Fine-tuning a language model used to mean renting a cloud GPU and monitoring the metering. If you own a Mac with an Apple Silicon chip, you can adapt the open model to your own data locally with zero cloud costs using a framework built specifically for the hardware on your laptop.

I switched from Windows and Dell machines to Mac in 2014 and never looked back. What started as a curiosity about a cleaner operating system turned into a deep appreciation of how tightly Apple integrates hardware and software. More than a decade later, that integration is paying dividends I never expected. Nowadays, you can fine-tune language models completely on-device, without cloud fees or a single byte of data leaving your machine.

This ability is supported by MLXan open source array library and companion package from Apple’s Machine Learning Research team. MLXLMprovides text generation and fine-tuning for thousands of open models through a small set of commands. This tutorial walks you through the entire process end-to-end: installing the tools, preparing the dataset, training the LoRA adapter, reducing memory usage with quantization, testing, and providing results. The end result is a fine-tuned model running on your machine and a repeatable workflow that allows you to specify any dataset.

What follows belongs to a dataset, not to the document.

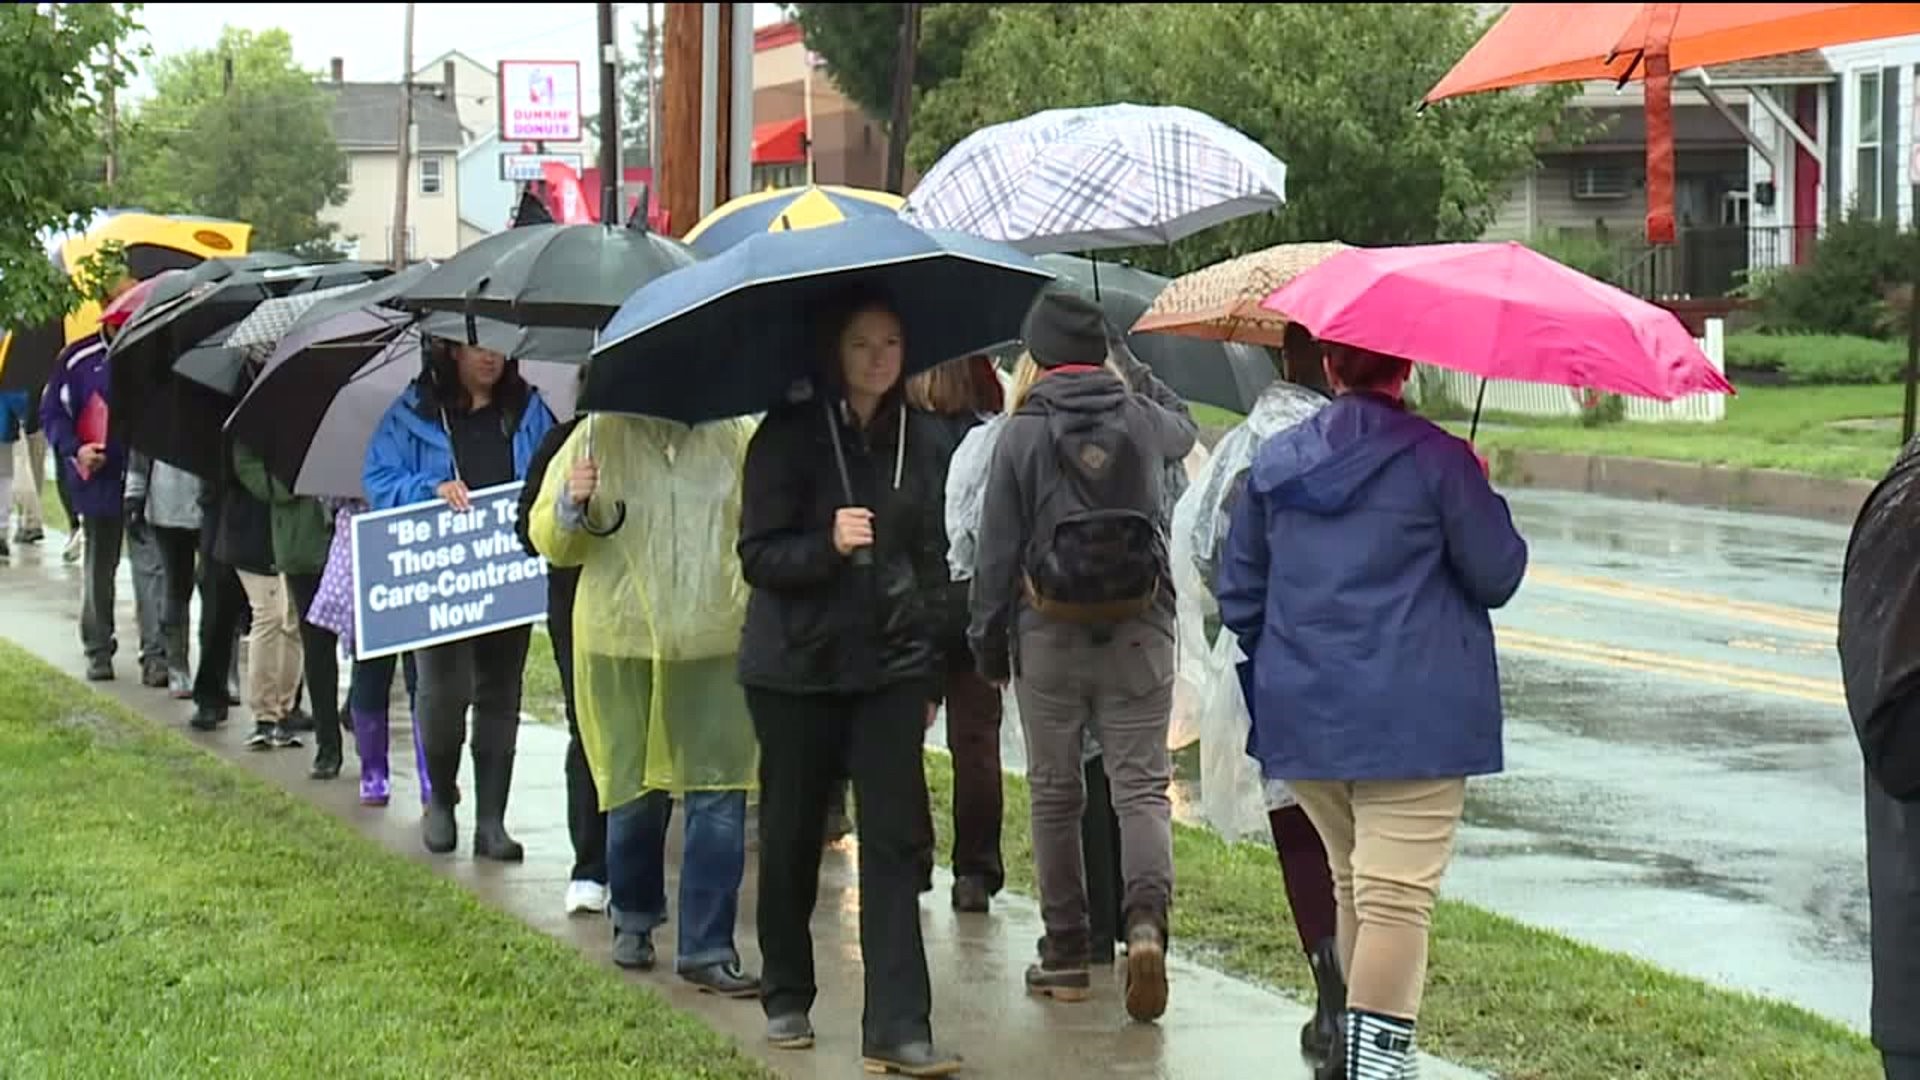 No Deal Reached, Strike Continues in East Stroudsburg School District
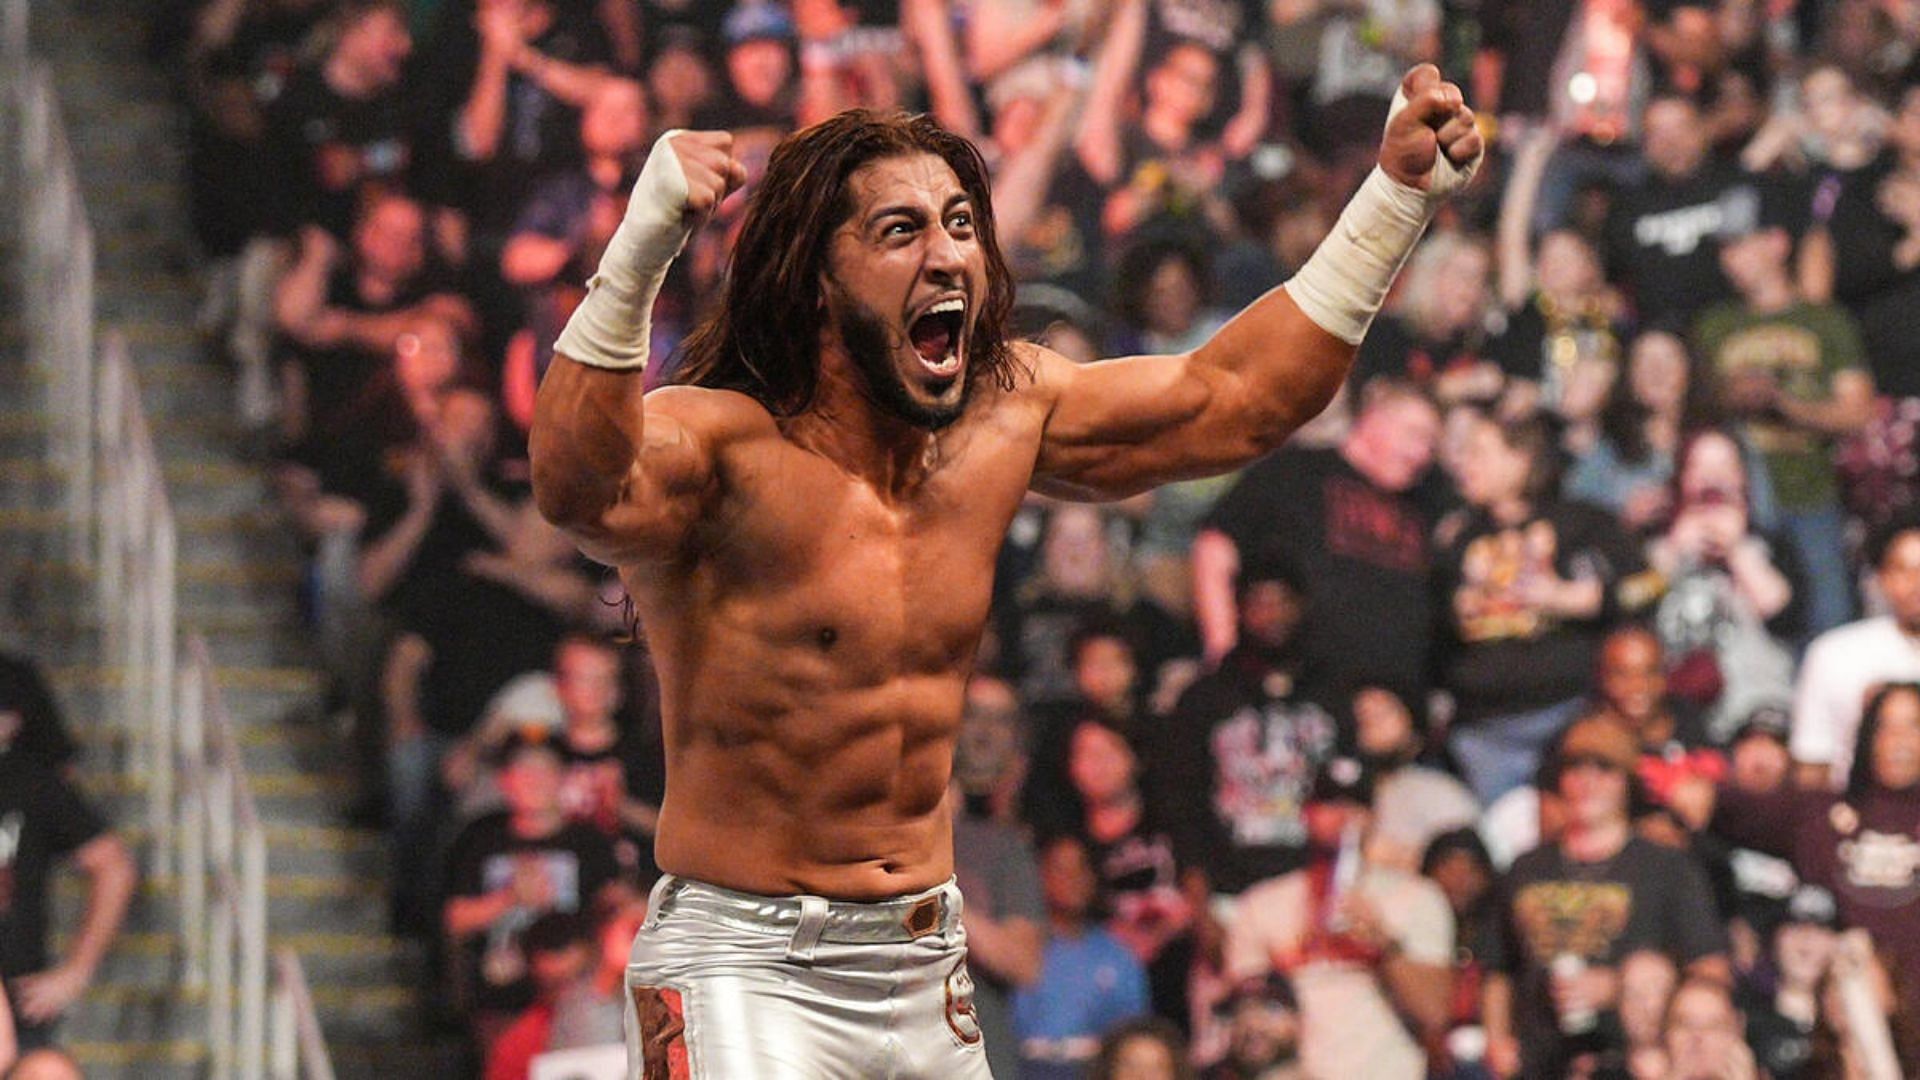 The former WWE star has now won a huge title

# Understand why MLX is suitable for Apple Silicon

Most local inference tools started running on NVIDIA hardware and were later ported to Mac. MLX took the opposite path. Apple’s research team designed it from the ground up around Apple Silicon’s unified memory architecture, where the CPU and GPU share a single memory pool.

This design typically removes the copy step that moves data back and forth between system memory and dedicated GPU memory. On a 16 GB Mac, model weights, optimizer states, and training batches all coexist in the same space. This is exactly what makes on-device tweaks a reality rather than an aspiration. API mirror Numpy Add and use automatic differentiation for training, strictly metal Accelerate GPU work while maintaining a shared view of memory.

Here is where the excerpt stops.